Anthropic Reveals Multi-Agent System Details: Claude Replicates Human Collective Intelligence, Outperforms Single Opus by 90%!

The large model Agent race has reached new heights.

From software engineering to research assistance, from daily life to business decisions, an omnipotent AI agent seems to have become an indispensable path to AGI. Major giants have entered the fray, but most are still operating within the paradigm of single-agent intelligence.

However, today, Anthropic released a ten-thousand-word article, for the first time disclosing the design principles, architectural details, and engineering lessons of its internally developed Multi-agent Research System.

This system is precisely the hidden force behind the latest "research" capabilities of its flagship model, Claude.

The core data is even more astonishing: in a multi-agent system where Claude Opus serves as the "leader" and multiple Claude Sonnets serve as "subordinates," its performance on internal research evaluation benchmarks is 90.2% higher than that of the strongest single Claude Opus 4.

This is not just a quantitative change, but a qualitative leap.

The Anthropic team put forth a thought-provoking idea in the article: once intelligence reaches a certain threshold, multi-agent systems will become key to extending capabilities.
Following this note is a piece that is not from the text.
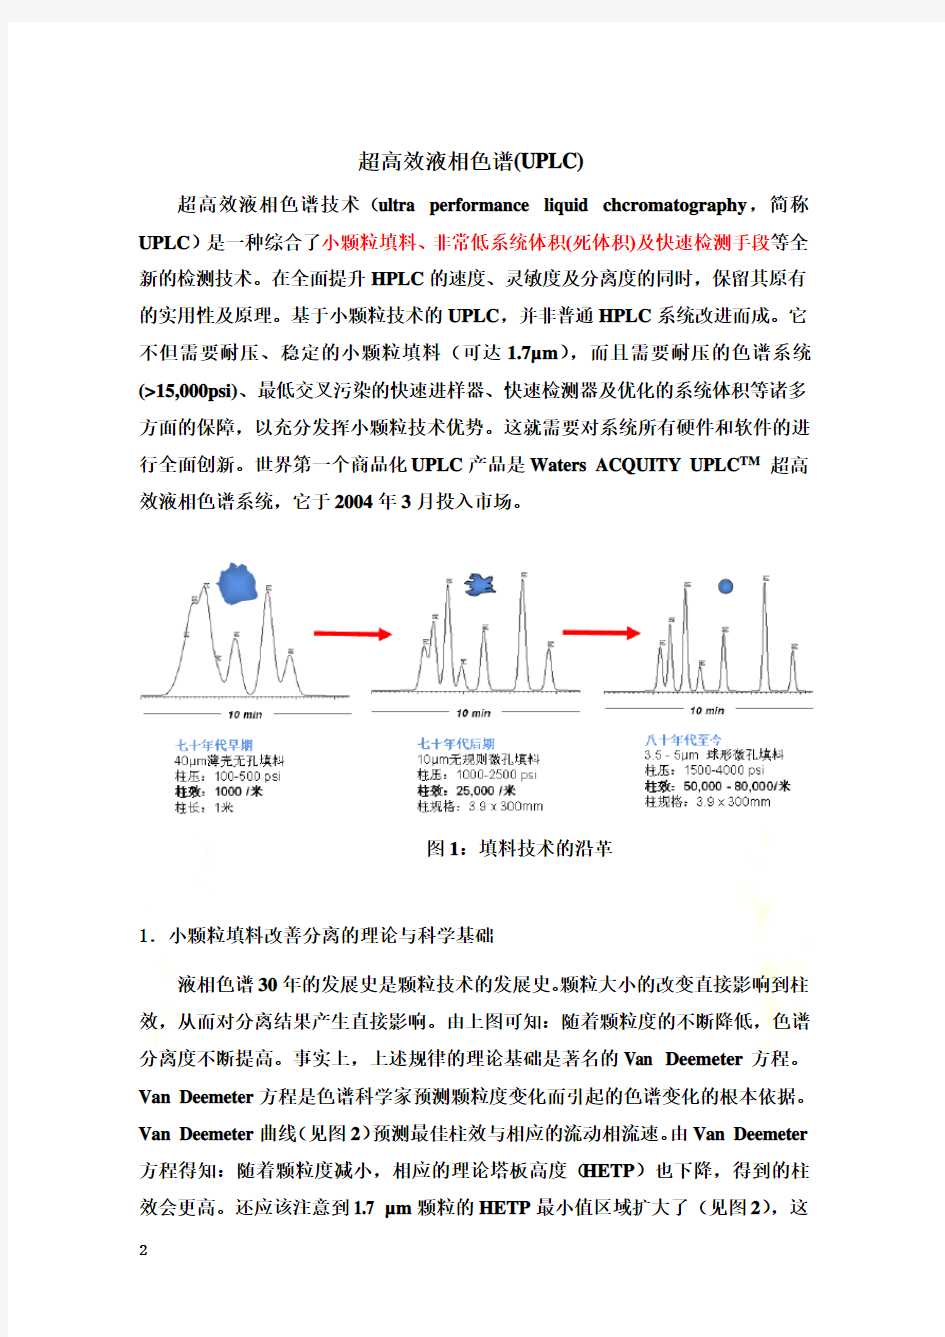 色谱分析(中国药科大学) 超高效液相色谱(UPLC)

Just as human society's exponential development over the past hundred thousand years has relied not on leaps in individual intelligence, but on the emergence of collective wisdom and collaborative abilities.
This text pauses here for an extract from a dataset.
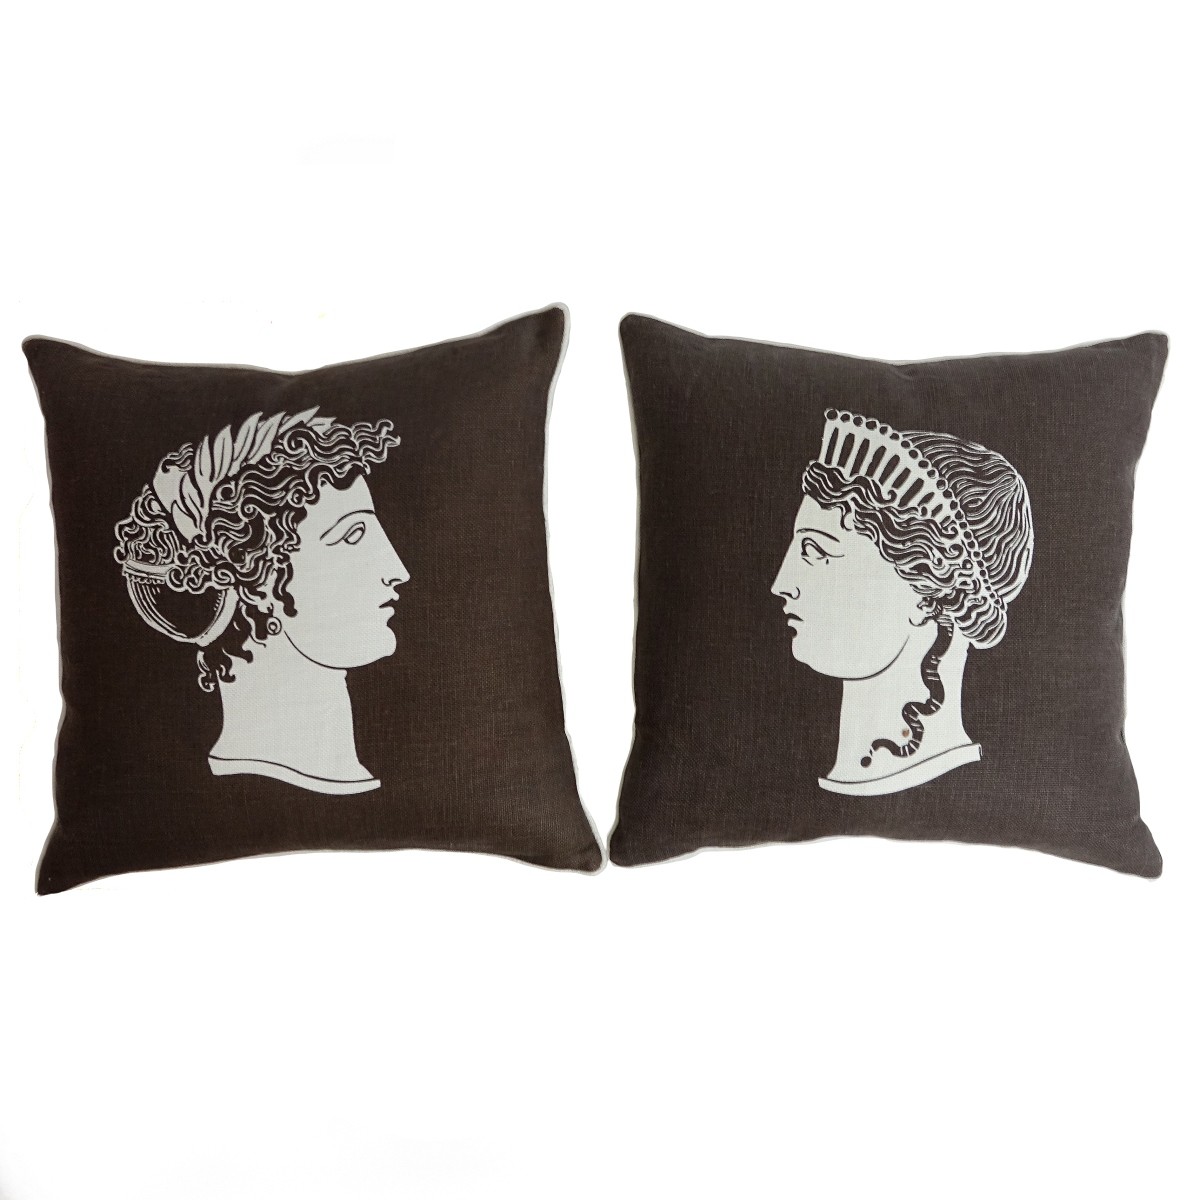 Two Thomas Paul Pillows

They frankly state that the essence of this system is to "replicate" the collective intelligence of human society through architectural design.

Even more surprisingly, they found a counter-intuitive conclusion: in their benchmark tests, 80% of the AI agent performance variance was explained by a simple, blunt factor—token consumption.

In other words, "brute force works wonders" might actually be effective in the agent domain. And multi-agent systems are the best way to smartly "burn" enough tokens to solve complex problems while keeping economic costs under control.

This article is highly informative, covering almost all critical aspects of building a production-grade multi-agent system, from architectural design, prompt engineering, and tool selection to evaluation methods and engineering challenges.

Without further ado, let's dive directly into Anthropic's firsthand sharing, which is full of hardcore insights.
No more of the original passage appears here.